# DASH 71 Camaro



## Dragula (Jun 27, 2003)

Looks sweet Dan,do you have a large pic showing detail?
DRAGjet


----------



## lenny (Feb 29, 2000)

here's a group shot of some of the colors. I don't have any photo's yet of front & rear detail. I'll maybe get to that in the next few days.


----------



## mopar78 (Sep 23, 2004)

They look even better in person.Nice work Dan.


----------



## noddaz (Aug 6, 1999)

*nice cars...*

These bodies are just begging for AFX wheels and tires front and back...

Scott


----------



## RACERMAN (Nov 1, 2007)

*Camaro*

:thumbsuprag I got mine today.The pictures don't do them justice AT ALL. I like em!Great job Lenny. I can't wait to see the 69 chevelle !
racerman:thumbsup:


----------



## Dragula (Jun 27, 2003)

Is the car a nice repro of the afx,with the L-88 hood added?I hope the quarter panels behind the wheels arent cut flat like AW,Dan usually has his stuff together so I am going to lean toward yes.Cant wait to see a pic!!Then order some!!
DRAGjet


----------



## lenny (Feb 29, 2000)

Dragula said:


> Is the car a nice repro of the afx,with the L-88 hood added?I hope the quarter panels behind the wheels arent cut flat like AW,Dan usually has his stuff together so I am going to lean toward yes.Cant wait to see a pic!!Then order some!!
> DRAGjet


It's smaller than the old AFX with a slightly aggressive 'attitude' to it. The wheel wells were opened WAY UP to allow the use of larger wheels without having to cut the body. The rear panels have a nice contour to them. Next to the Cobra, this is probably the nicest car I've made...

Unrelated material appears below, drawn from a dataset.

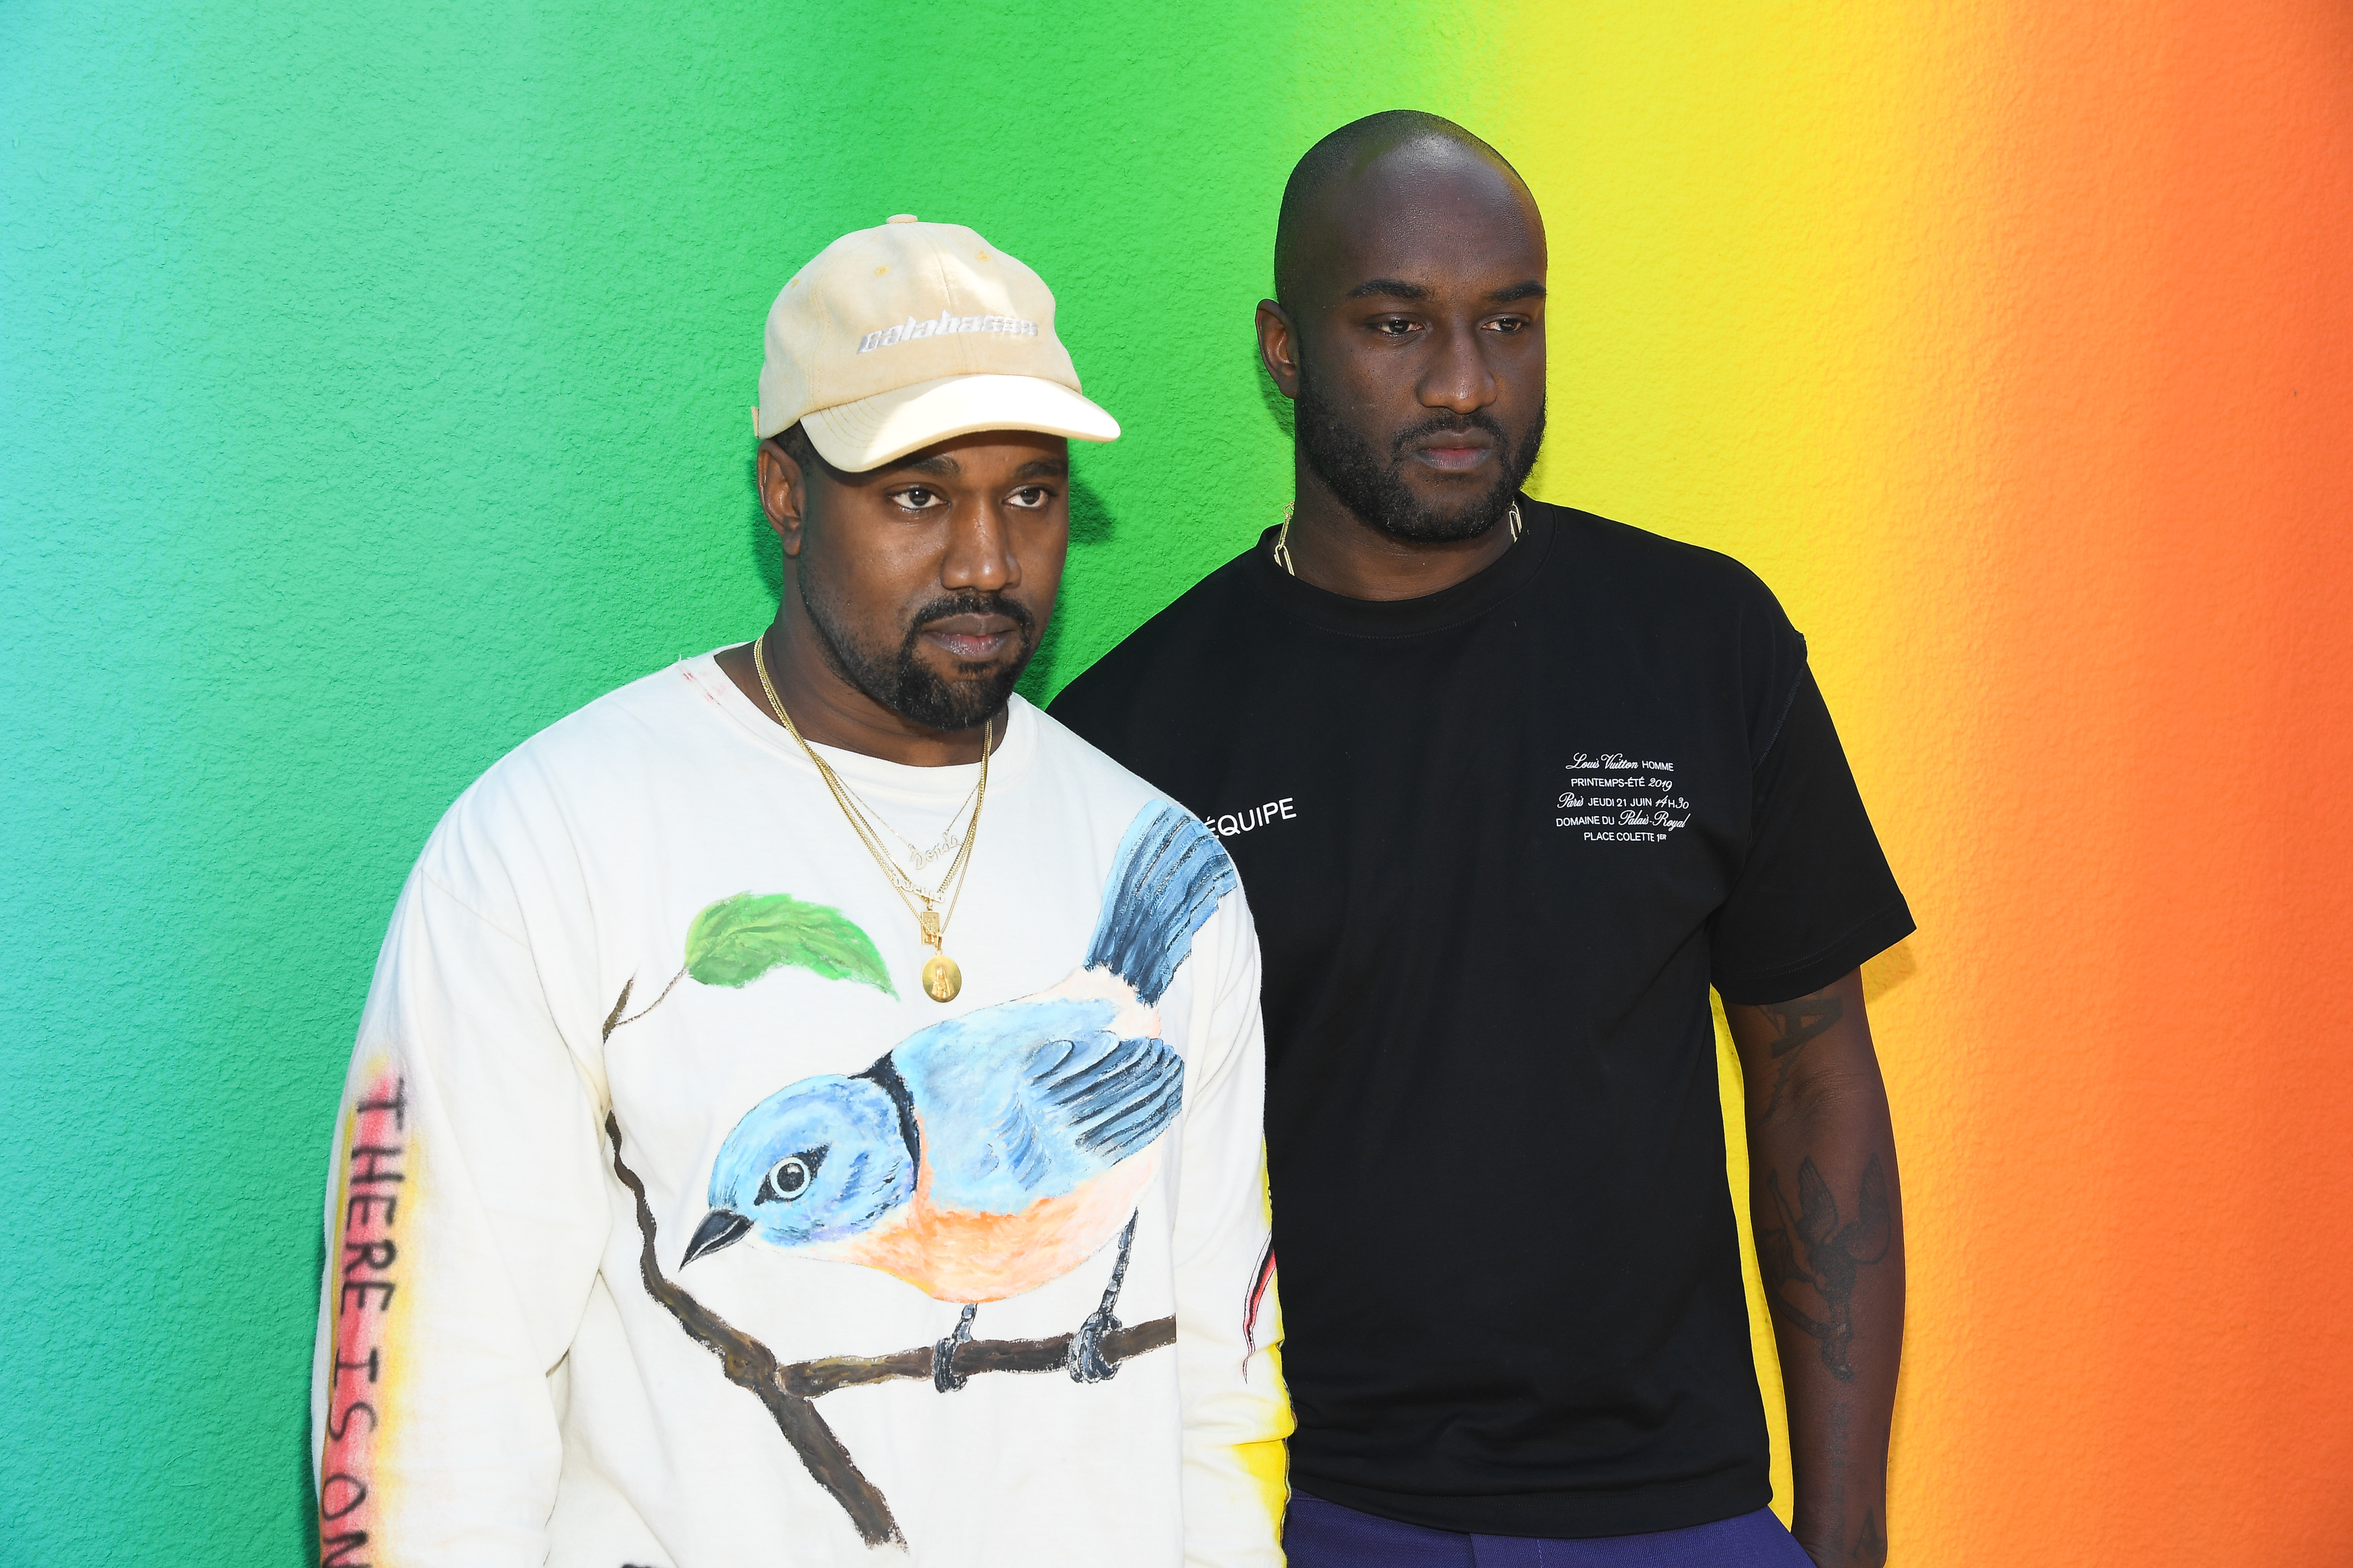 virgil abloh discusses the most important moment of his career so far
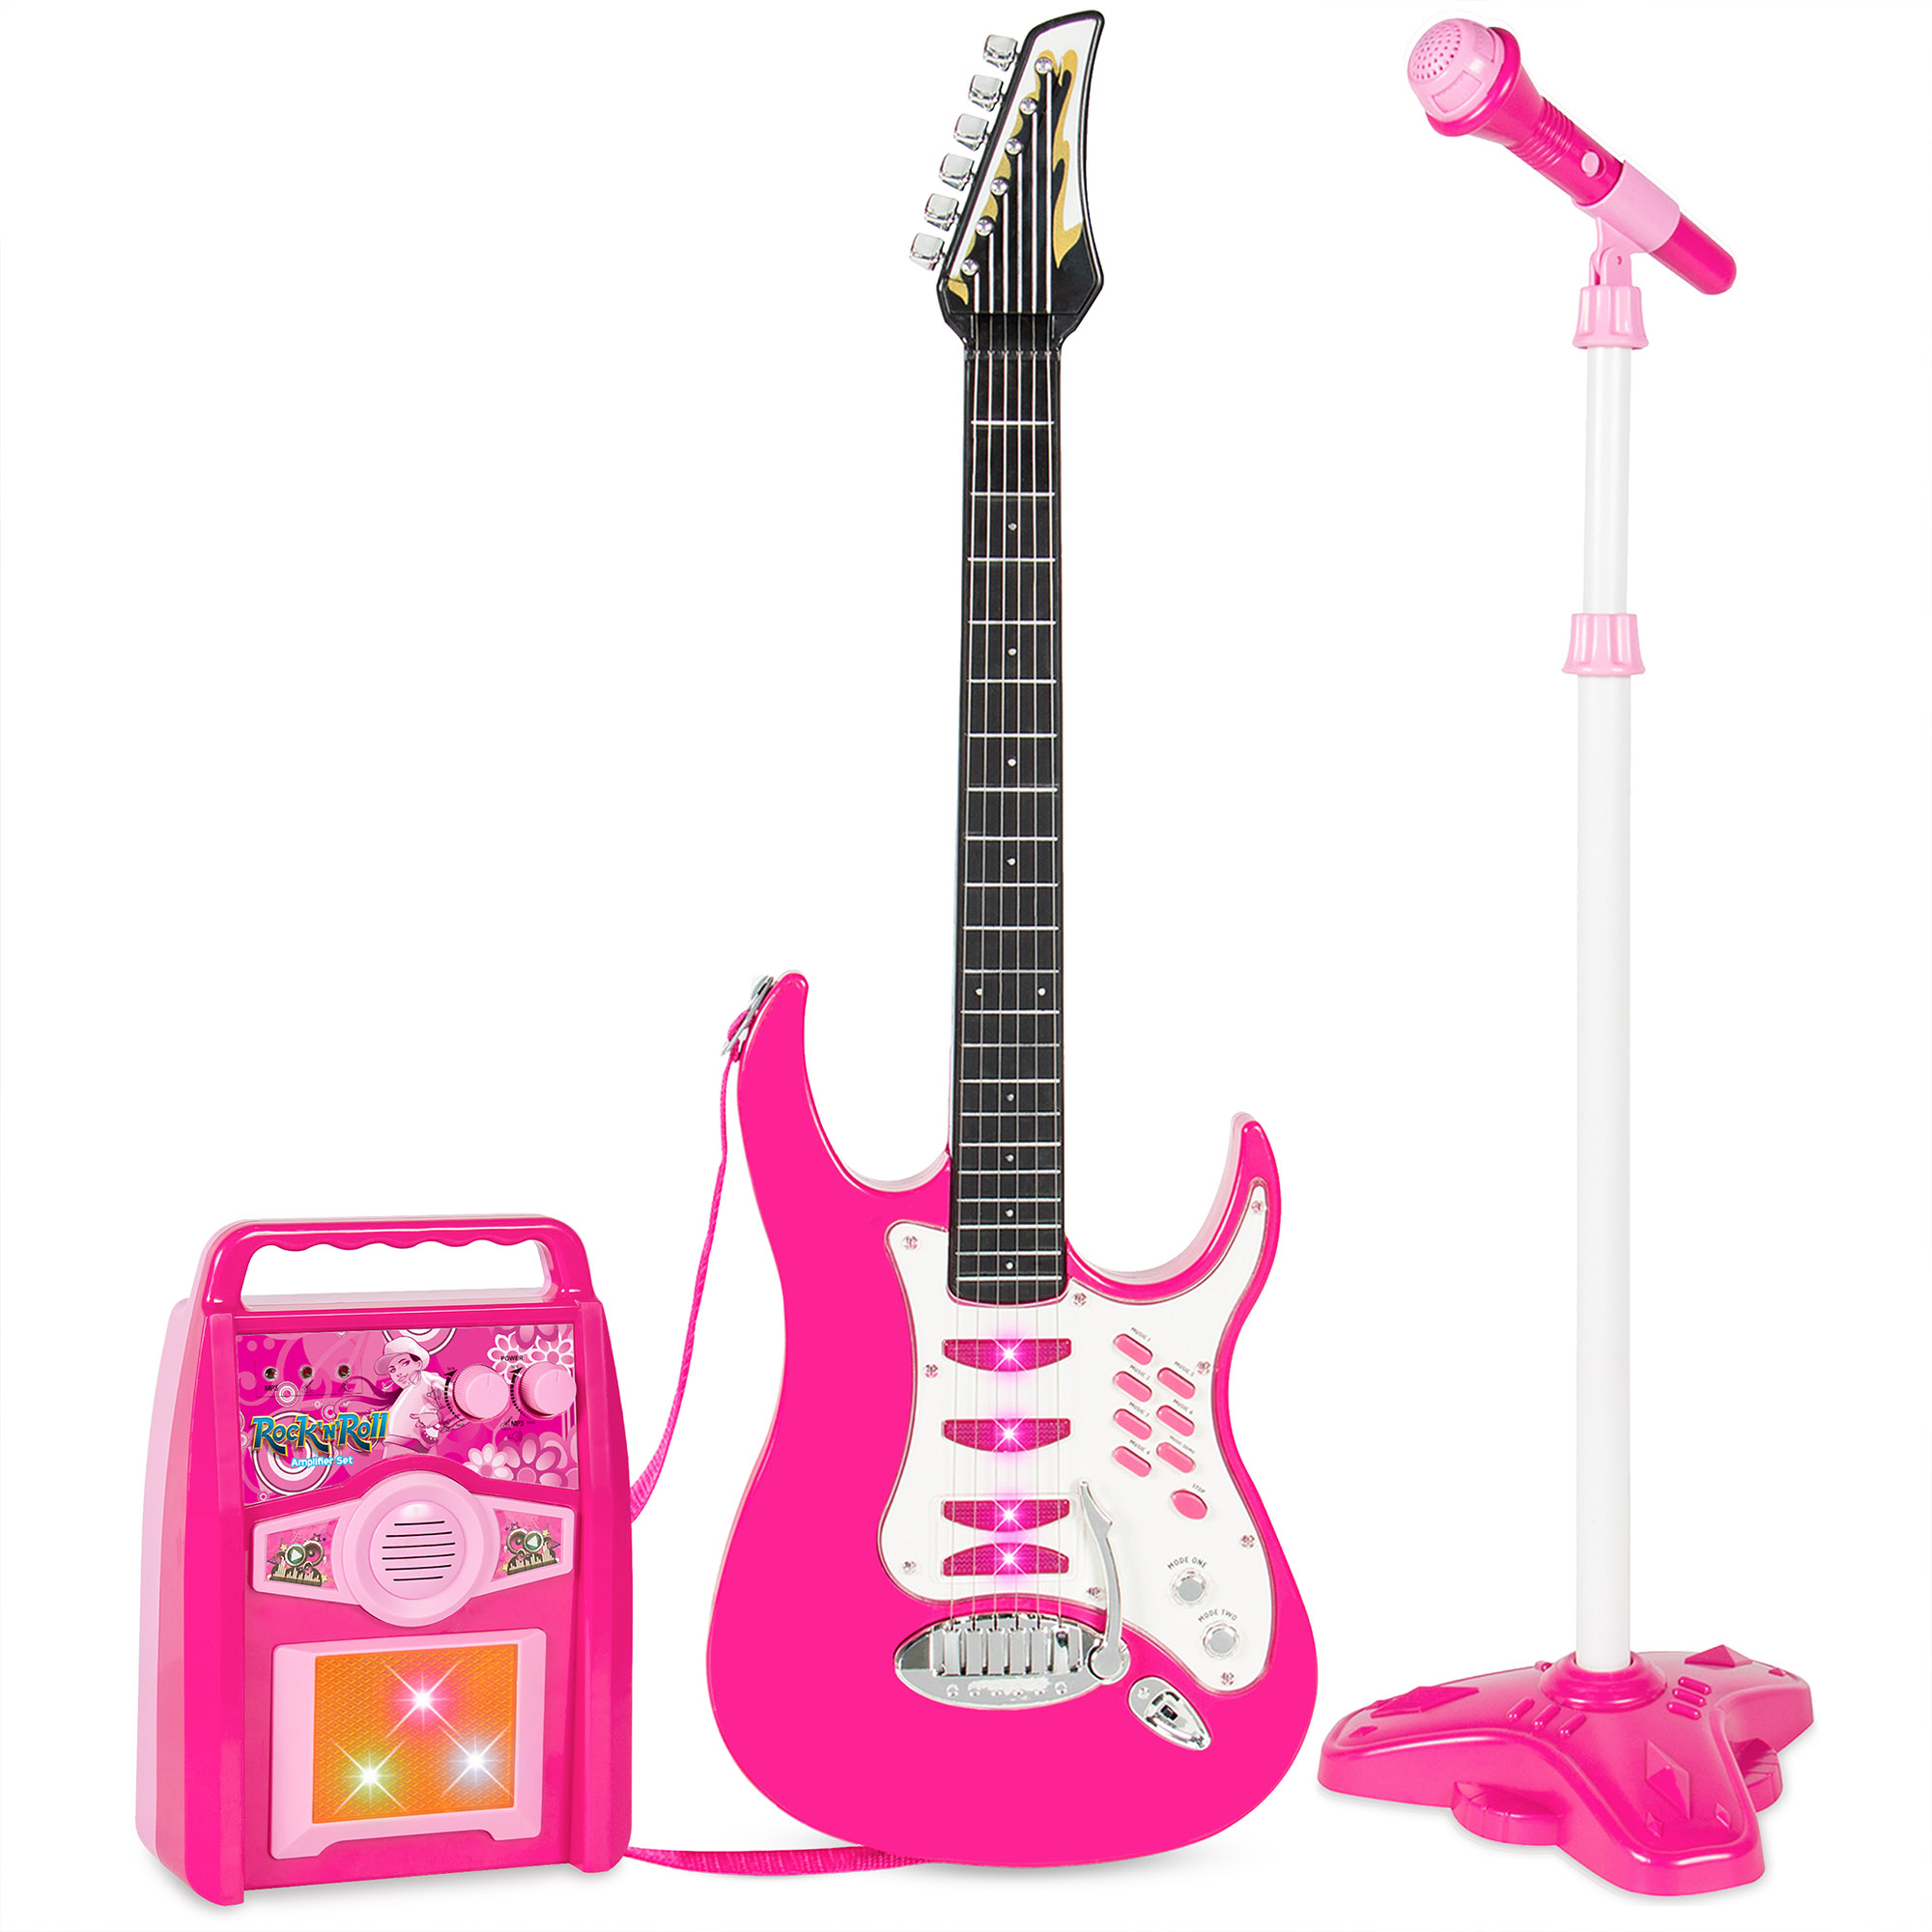 Best Choice Products Kids Electric Musical Guitar Toy Play Set w/ 6 Demo Songs, Whammy Bar, Microphone, Amp, AUX - Pink - image 1 of 7

A slightly larger AFX version will be out in about 6 weeks.

Dan


----------



## Dragula (Jun 27, 2003)

Thanks for the update!
DRAGjet


----------



## AfxToo (Aug 29, 2003)

Those look awesome!



> A slightly larger AFX version will be out in about 6 weeks


Oh yeah, now we're talking. 

You should be getting a commission from Carney Plastics.


----------



## grungerockjeepe (Jan 8, 2007)

These are really nice, too bad I dont fool with T-jets much and already have several AW 71 camaros as well as a mold to resin cast my own. Lenny, your stuff is hot business but Im just waiting for you to make a bodystyle that either hasnt already been done or something like a Jeep or javelin that I just couldnt get enough of. Maybe a nice '68 Javelin SST available in all the Big Bad colors and fits AFX chassis?


----------



## tomhocars (Oct 19, 2005)

Some pictures.The Orange car is on a JL chassis.I have these in stock.Tom Stumpf [email protected]


----------



## lenny (Feb 29, 2000)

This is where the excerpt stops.